**Instructions for the task**
Reproduce the listing below character for character; drop every image.

**Information shown**
++++

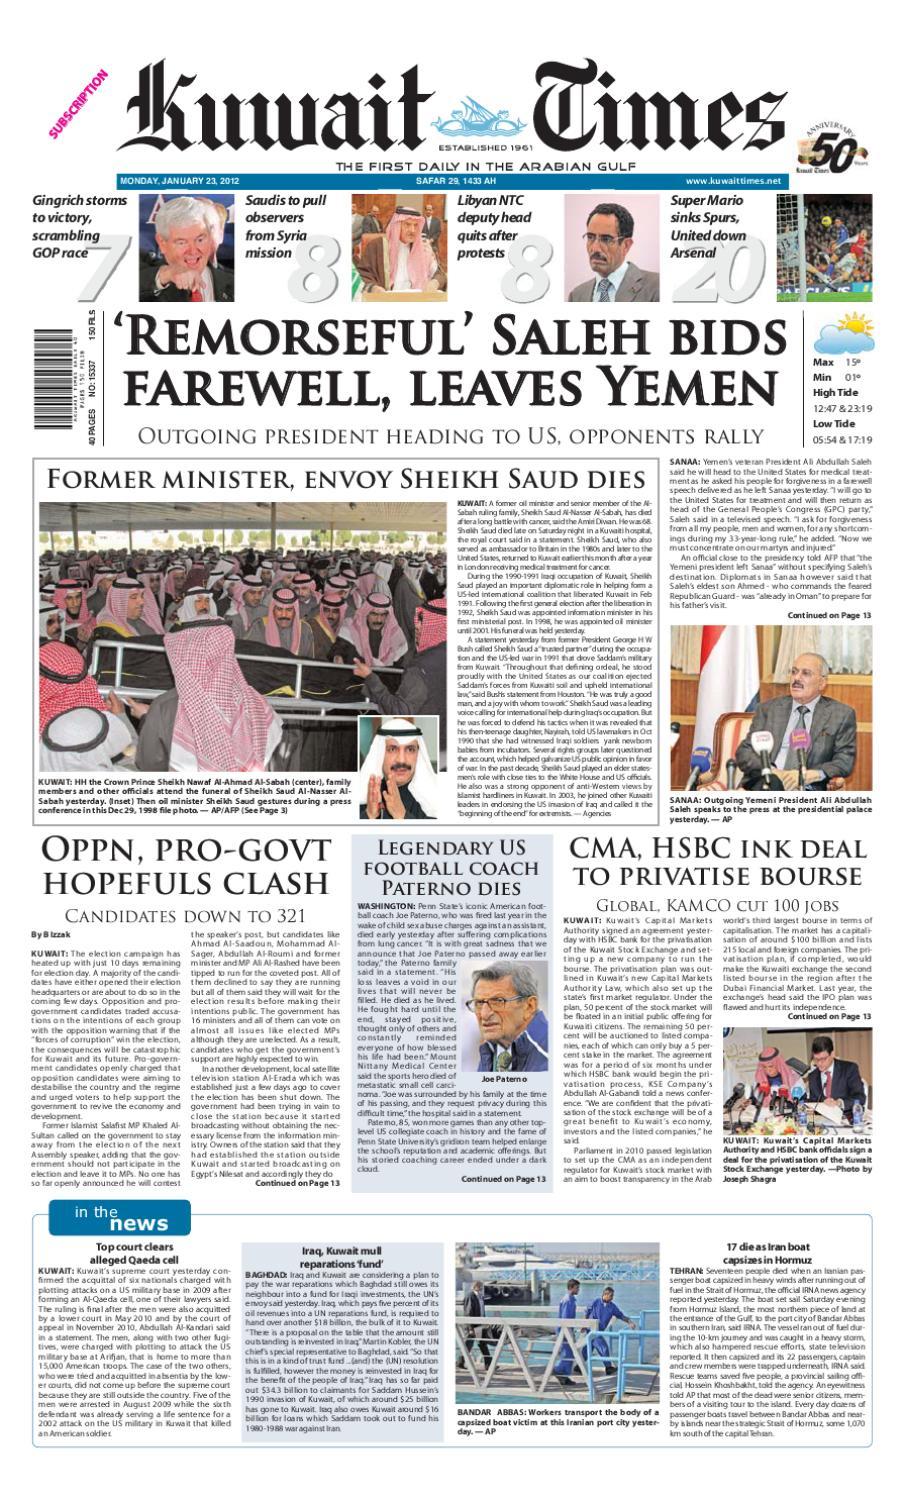 23 Jan 2012 by Kuwait Times - issuu
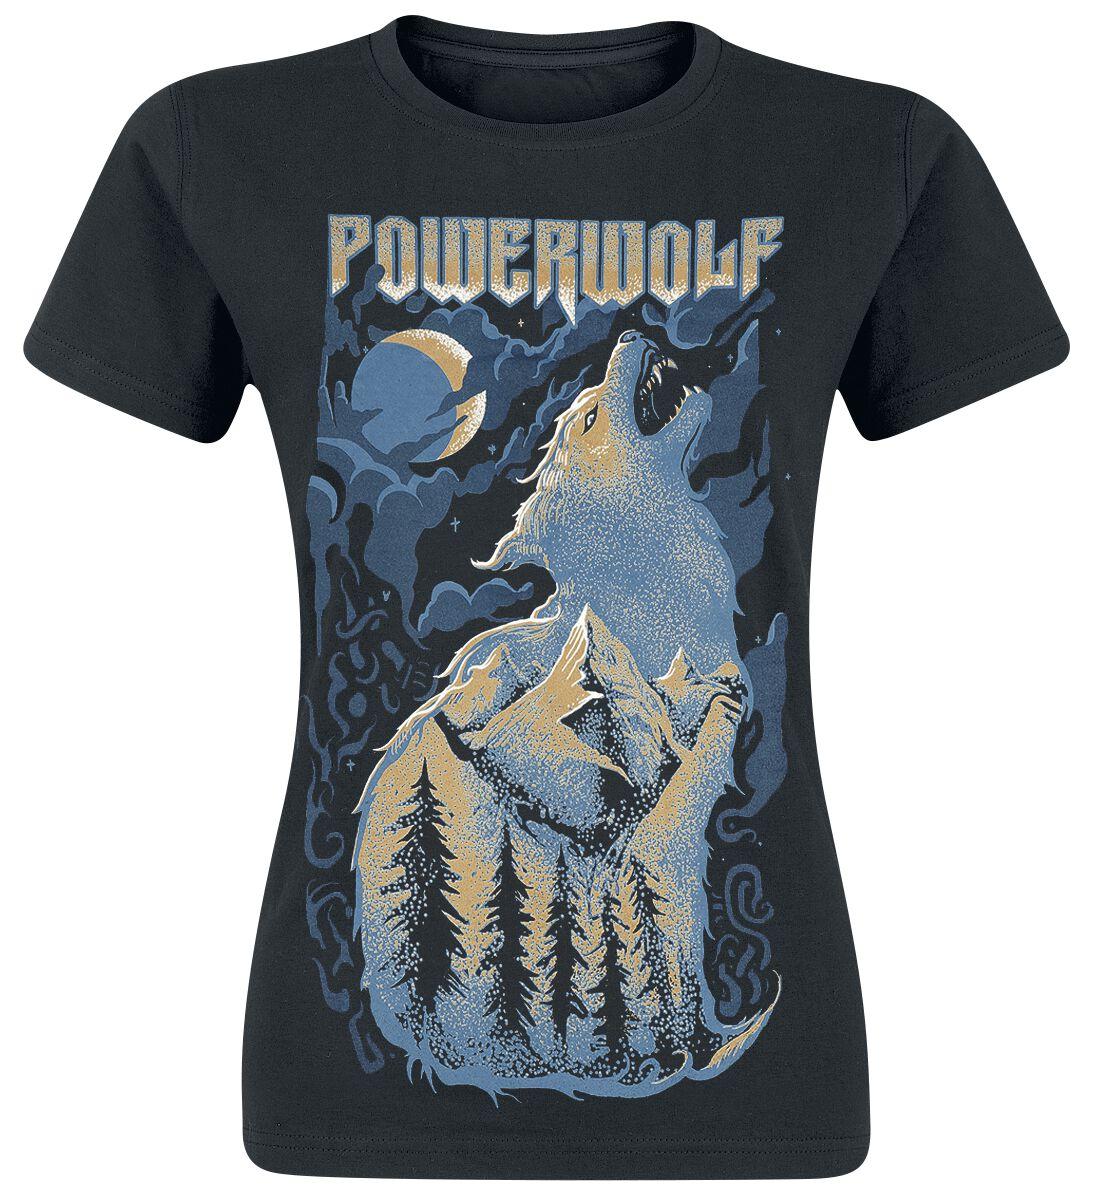 Powerwolf Demons Are A Girl's Best Friend powered by EMP
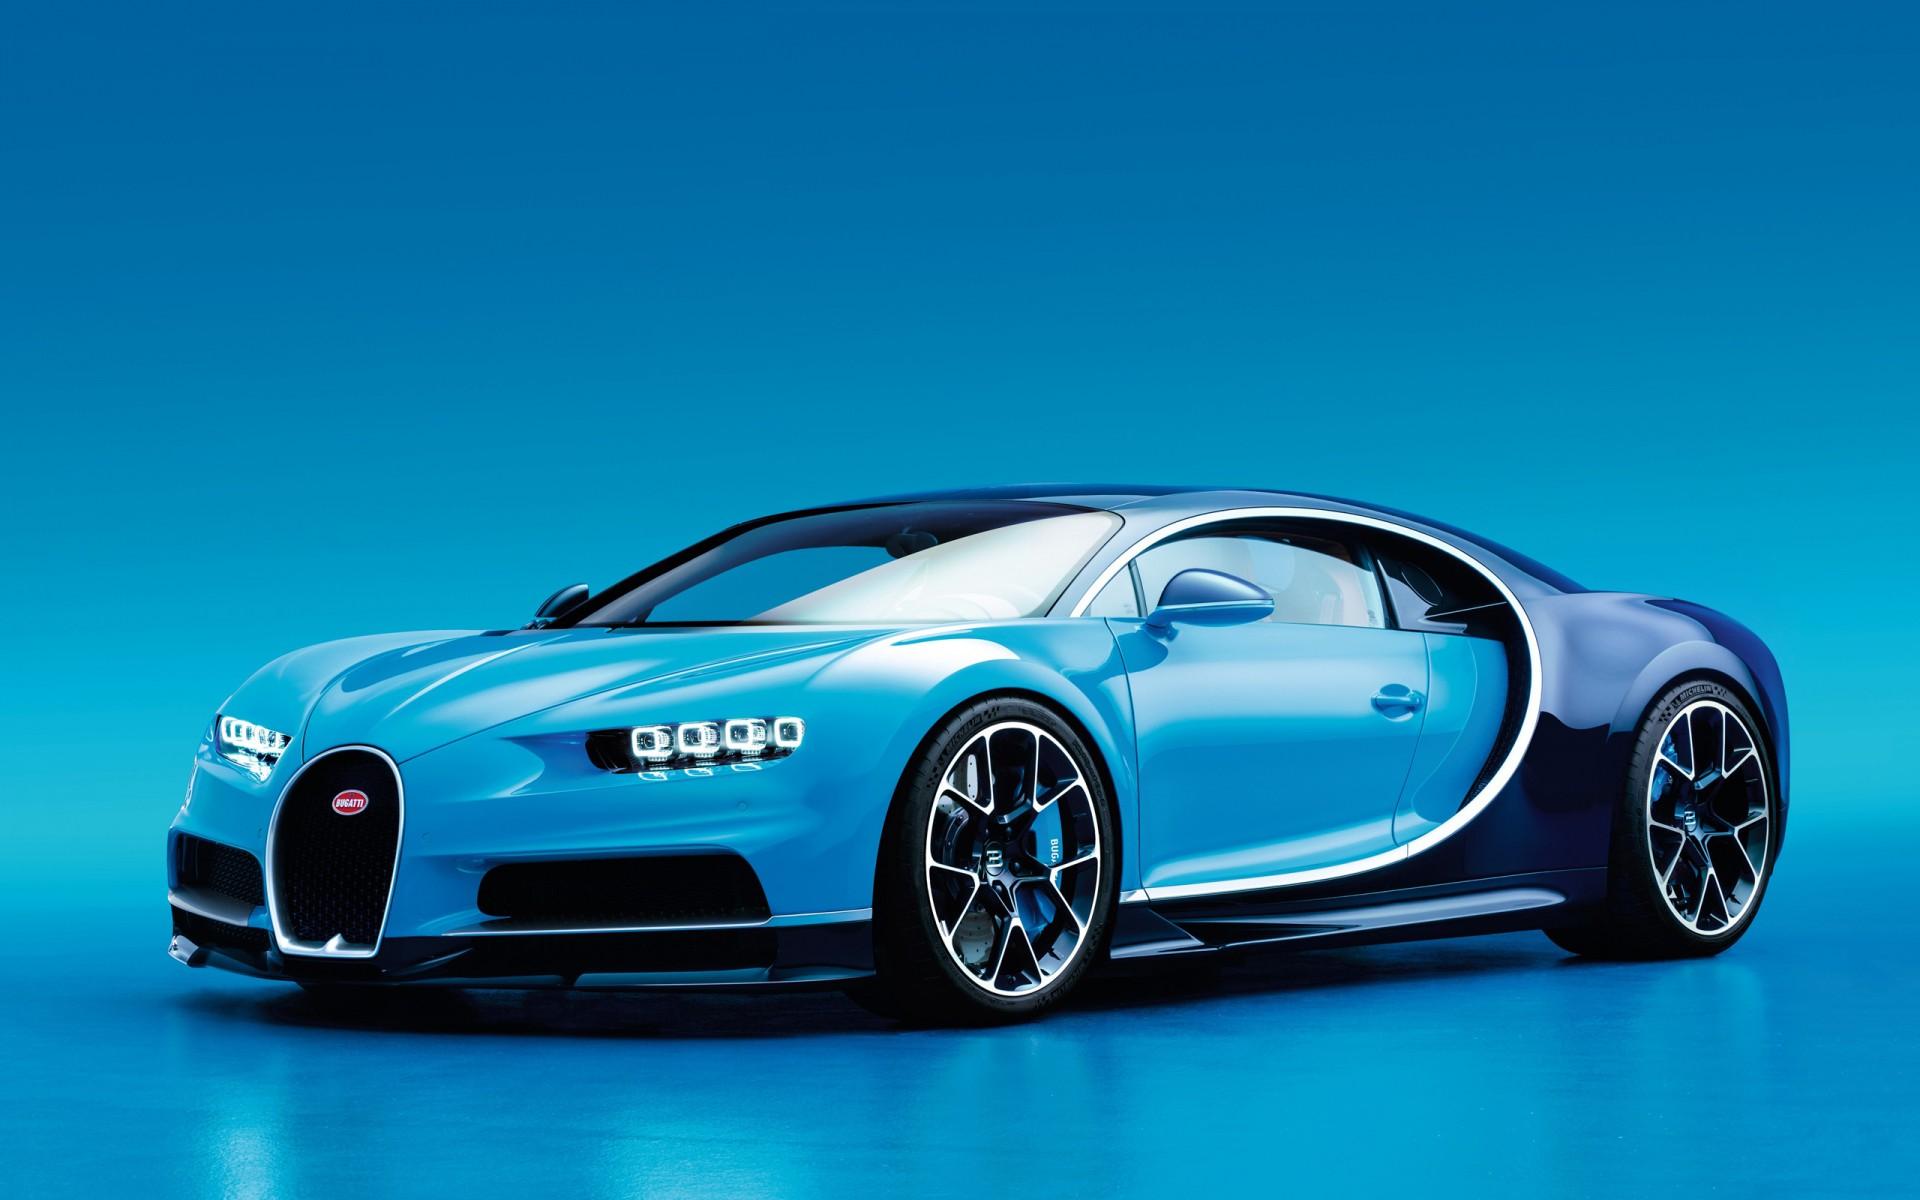 Bugatti Veyron Hd Wallpapers 2013 2017 Bugatti Chiron 2 Wallpaper Hd Car Wallpapers Id 6275

++++

**Task output**
 23 Jan 2012 by Kuwait Times - issuu
 Powerwolf Demons Are A Girl's Best Friend powered by EMP
 Bugatti Veyron Hd Wallpapers 2013 2017 Bugatti Chiron 2 Wallpaper Hd Car Wallpapers Id 6275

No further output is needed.